KR20020054671A - A method for forming a semiconductor device - Google Patents

Abstract

PURPOSE: A fabrication method of semiconductor devices is provided to prevent characteristic attenuation by forming rectangular-type MTJ(Magnetic Tunnel Junction) cells using two exposure masks. CONSTITUTION: After depositing a layered structure for forming rectangular-type MTJ cells on a semiconductor substructure having a defined structure, a photoresist is deposited on the entire surface of the resultant structure. Then, line-type unexposed regions having the same size with the short lateral of the MTJ cells are formed on the photoresist by a first exposure using a first exposure mask. Another line-type unexposed regions having the same size with the long lateral of the MTJ cells are formed on the photoresist by a second exposure using a second exposure mask. Then, a photoresist pattern having rectangular-type unexposed regions(27) is formed by removing the exposed portions through a development process so as to define rectangular-type MTJ cells.

Description

A method for forming a semiconductor device

BACKGROUND OF THE INVENTION 1. Field of the Invention The present invention relates to a method of manufacturing a semiconductor device. In particular, a magnetic RAM having a characteristic of higher speed than an SRAM, an integration such as a DRAM, and a nonvolatile memory such as a flash memory, is referred to as an MRAM. It relates to a technique for manufacturing.

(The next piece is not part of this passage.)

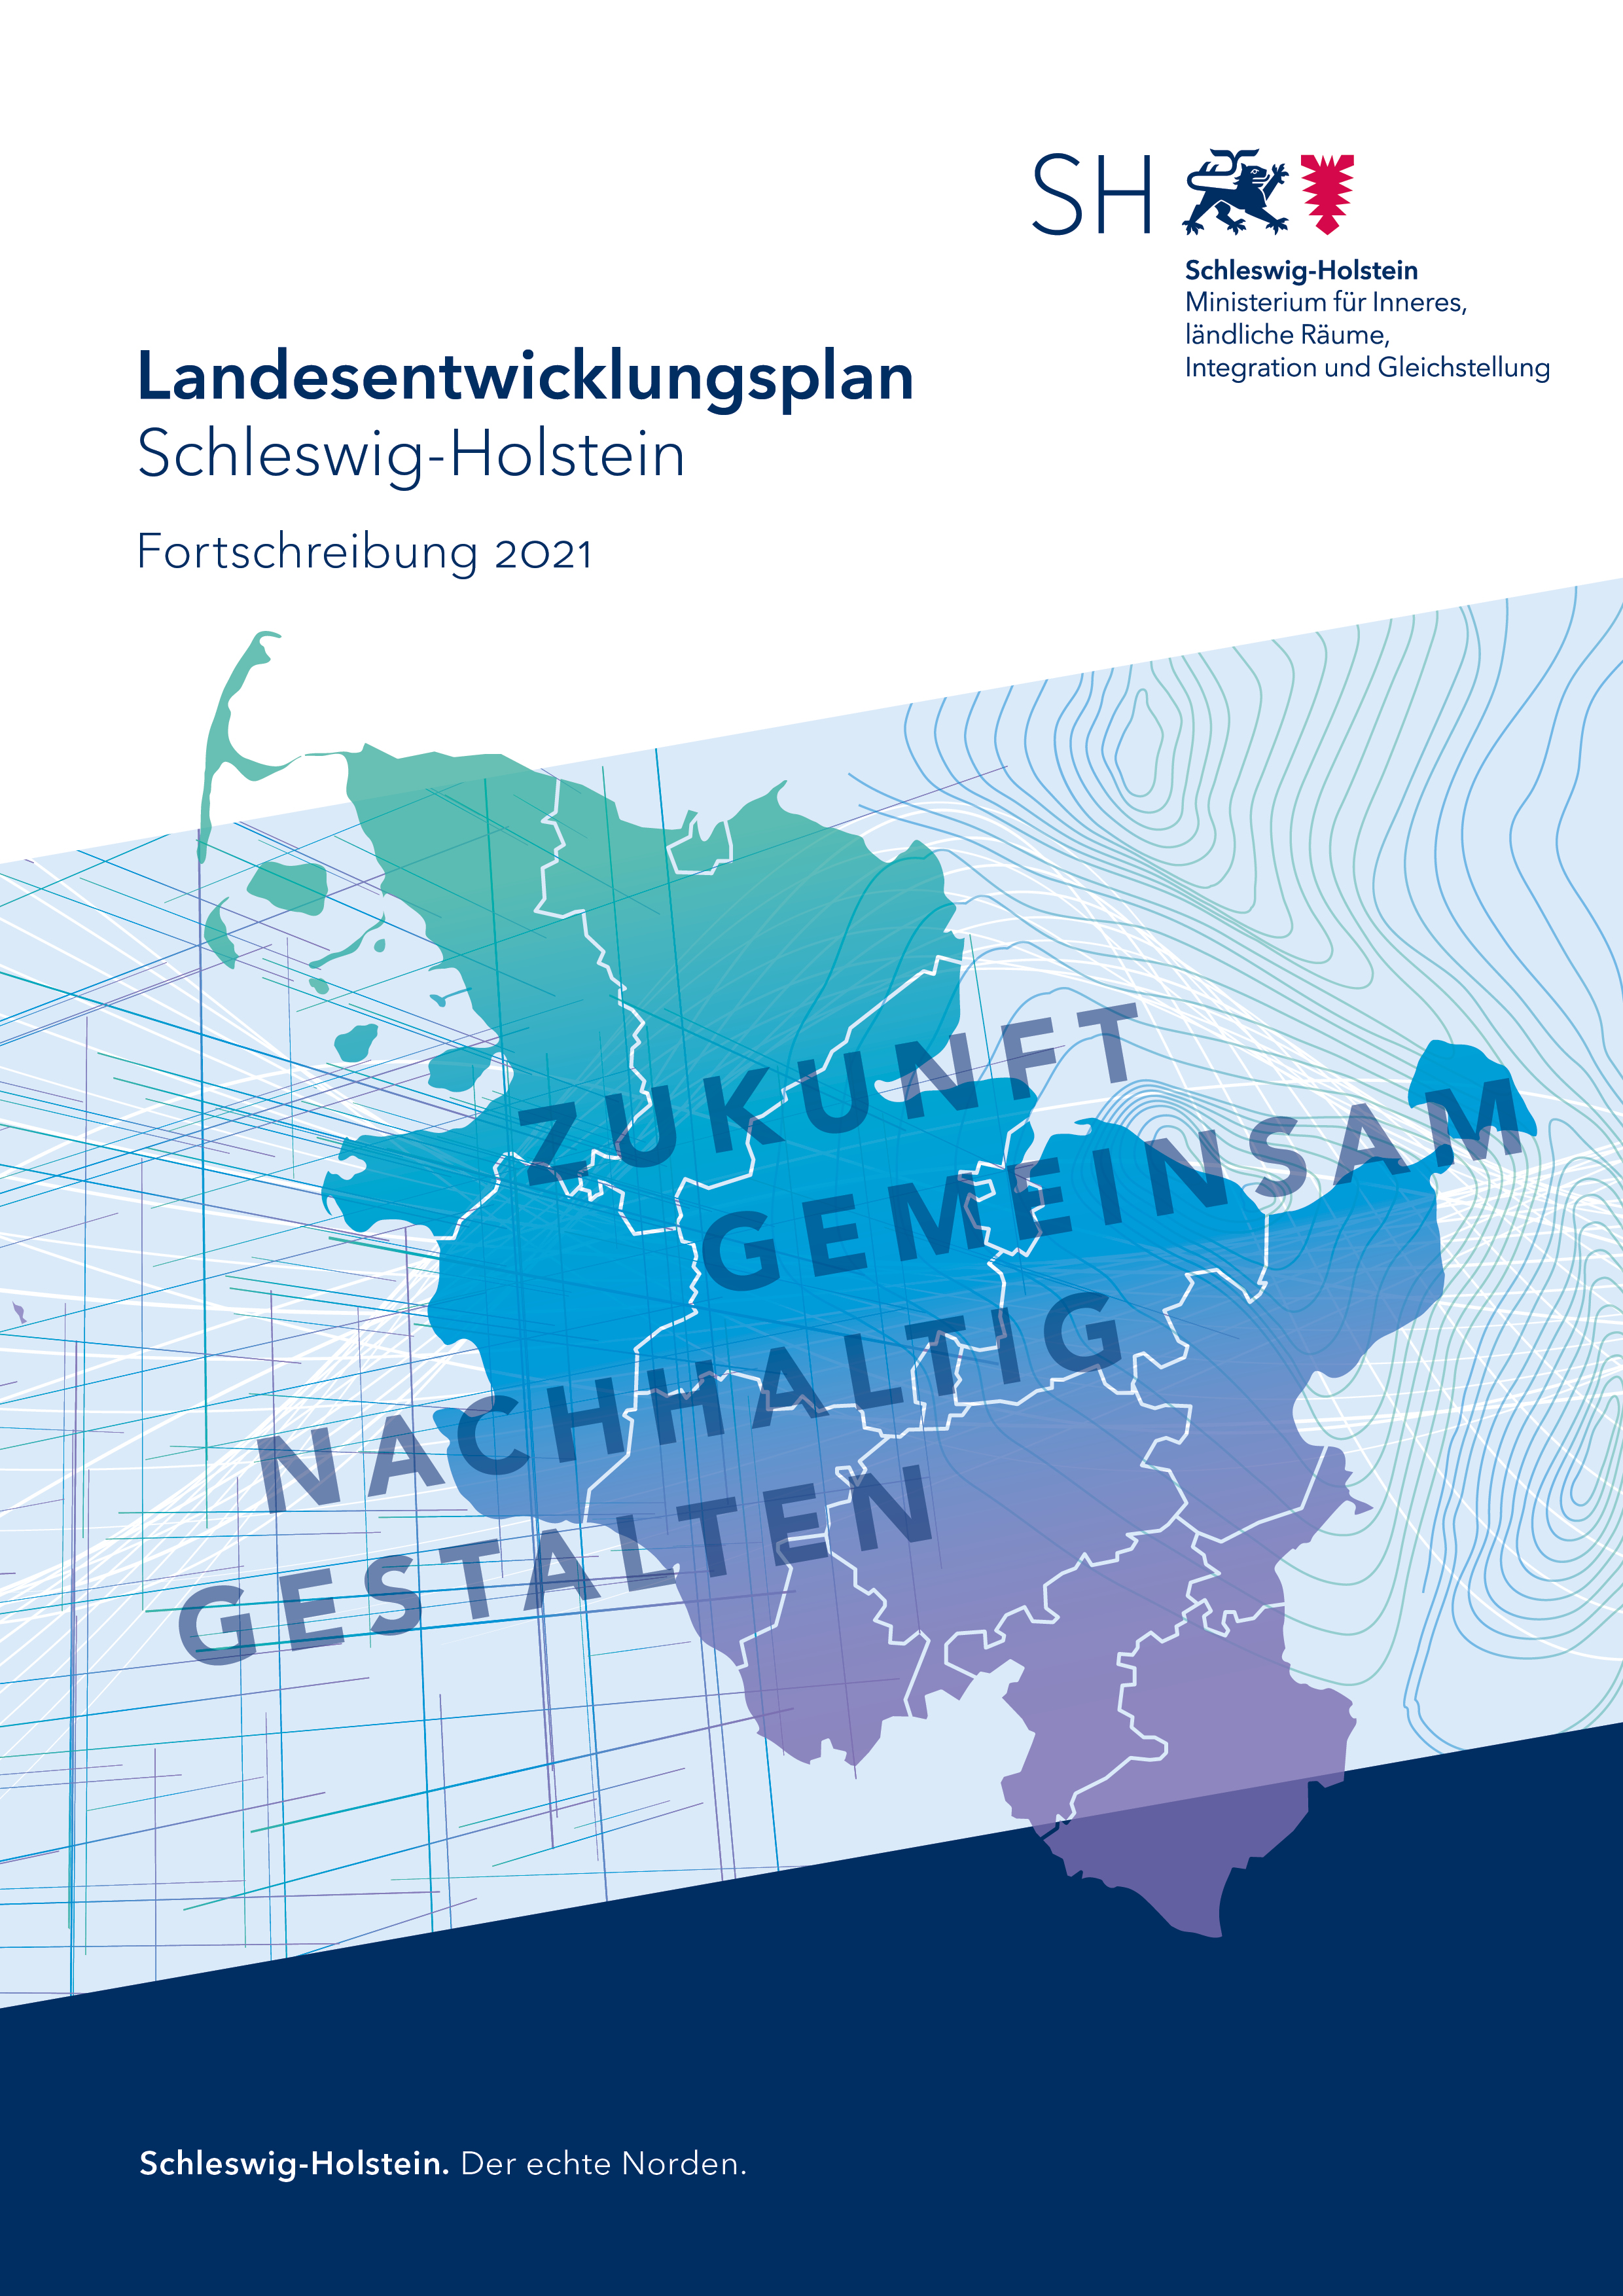 Abbildung für Landesentwicklungsplan Schleswig-Holstein - Fortschreibung 2021

Most semiconductor memory manufacturers are developing MRAM using ferromagnetic materials as one of the next generation memory devices.

The MRAM is a memory device capable of reading and writing information by forming a ferromagnetic thin film in multiple layers and sensing current changes according to the magnetization direction of each thin film. It is known that non-volatile memory operations such as flash memory can be performed.

The MRAM has a method of implementing a memory device using a giant magnetoresistive (GMR) phenomenon or a spin polarization magnetic permeation phenomenon, which occurs because spin has a great effect on electron transfer.

In the MRAM using the giant magnetoresistance (GMR) phenomenon, a GMR magnetic memory device is implemented by using a phenomenon in which the resistances in the case where the spin directions are different in the two magnetic layers having the nonmagnetic layer are different from each other are the same.

The MRAM using the spin polarization magnetic permeation phenomenon is a magnetic permeation junction memory device using a phenomenon that current permeation occurs much better than two cases in which the spin directions are the same in two magnetic layers having an insulating layer interposed therebetween.

However, the research on the MRAM is currently in an early stage, mainly focused on the formation of the multilayer magnetic thin film, and the research on the unit cell structure and the peripheral sensing circuit is still insufficient.

1 is a cross-sectional view showing a method of manufacturing a semiconductor device according to the prior art.

Referring to Figure 1,

The gate electrode 33, that is, the first word line, is formed on the semiconductor substrate 31.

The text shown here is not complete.